Figure 2 | — The putative Falcipain-Cystatin complex predicted by PRISM using template 1stfEI.

The matching residues between targets and template partners are available in the 1-Prediction/MULTIPROT_OUTPUT directory. To see the matching residues, change the directory to 1stfEI. From the 1stfEI_E_2ghuABCD_ 2_sol.res file, the user can find that 31 residues match between 2ghu and 1stfE at the first solution, and the RMSD between them is 0.93 Å. From the 1stfEI_I_1cew_2_sol.res file the user can observe that 17 residues match between 1cew and 1stfI at the zeroth solution and the RMSD between them is 1.58 Å.

The 1stfEI_E_2ghuABCD_log_multiprot.txt file should be checked to see which parameters are used during the structural alignment.

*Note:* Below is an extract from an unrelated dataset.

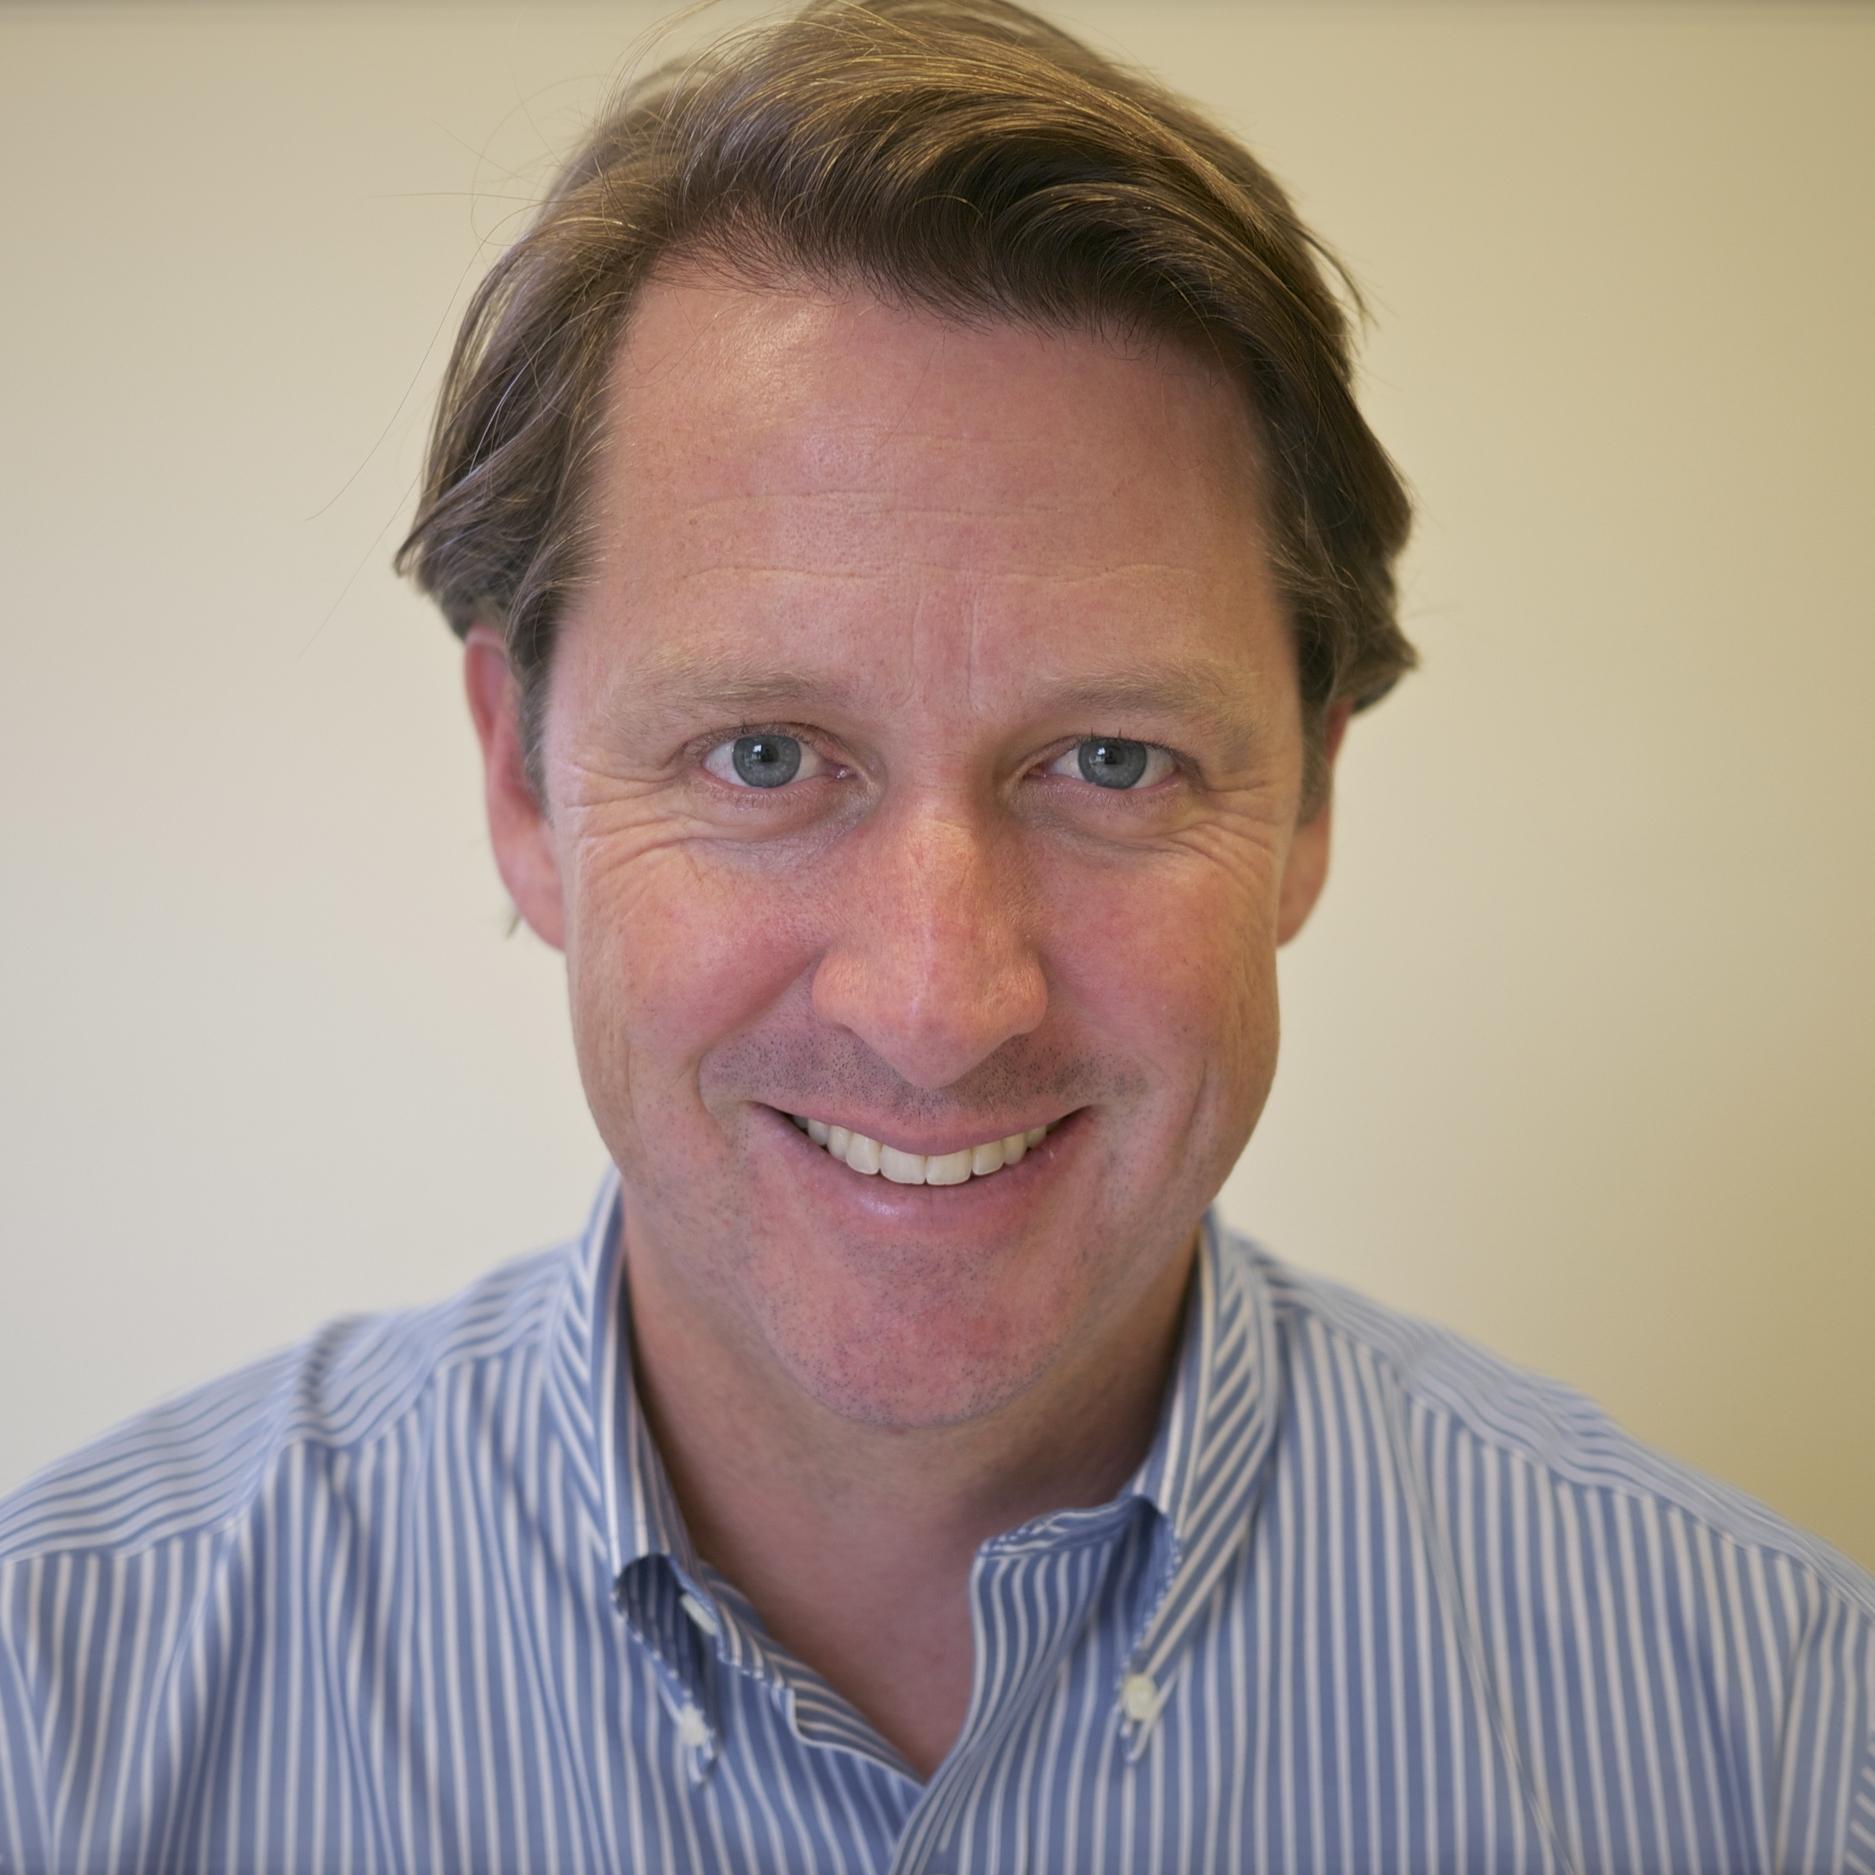 daniel emmett, CEO - Next energy technologies

To visualize the predicted rigid-body complex, the transformed structures onto each partner of the template interface (available in 2-DistanceCalculation/TransformedPdbs directory) should be used. Here the 1stfEI_E_2ghuABCD_1_ trans.pdb file in the 1stfEI directory indicates that this structure file is generated from the first MultiProt solution of the matching between chain E of the template interface 1stfEI and the target 2ghuABCD. Moreover, 1stfEI_I_1cew_0_ trans.pdb file in the 1stfEI directory indicates that this structure file is generated from the zeroth MultiProt solution of the matching between chain I of template interface 1stfEI and the target 1cew. In Figure 2, these transformed structures are illusturated using the VMD visualization software.

This predicted complex ranked first with a calculated global energy of − 37.34 kcal mol ^{− 1}. The second ranking solution also comes from the 1stfEI template, however, with a different MultiProt solution number.

When we compare the predicted complex to the native structure in the PDB (1yvb), we notice that the binding regions and the relative positions of the partner proteins are correctly found.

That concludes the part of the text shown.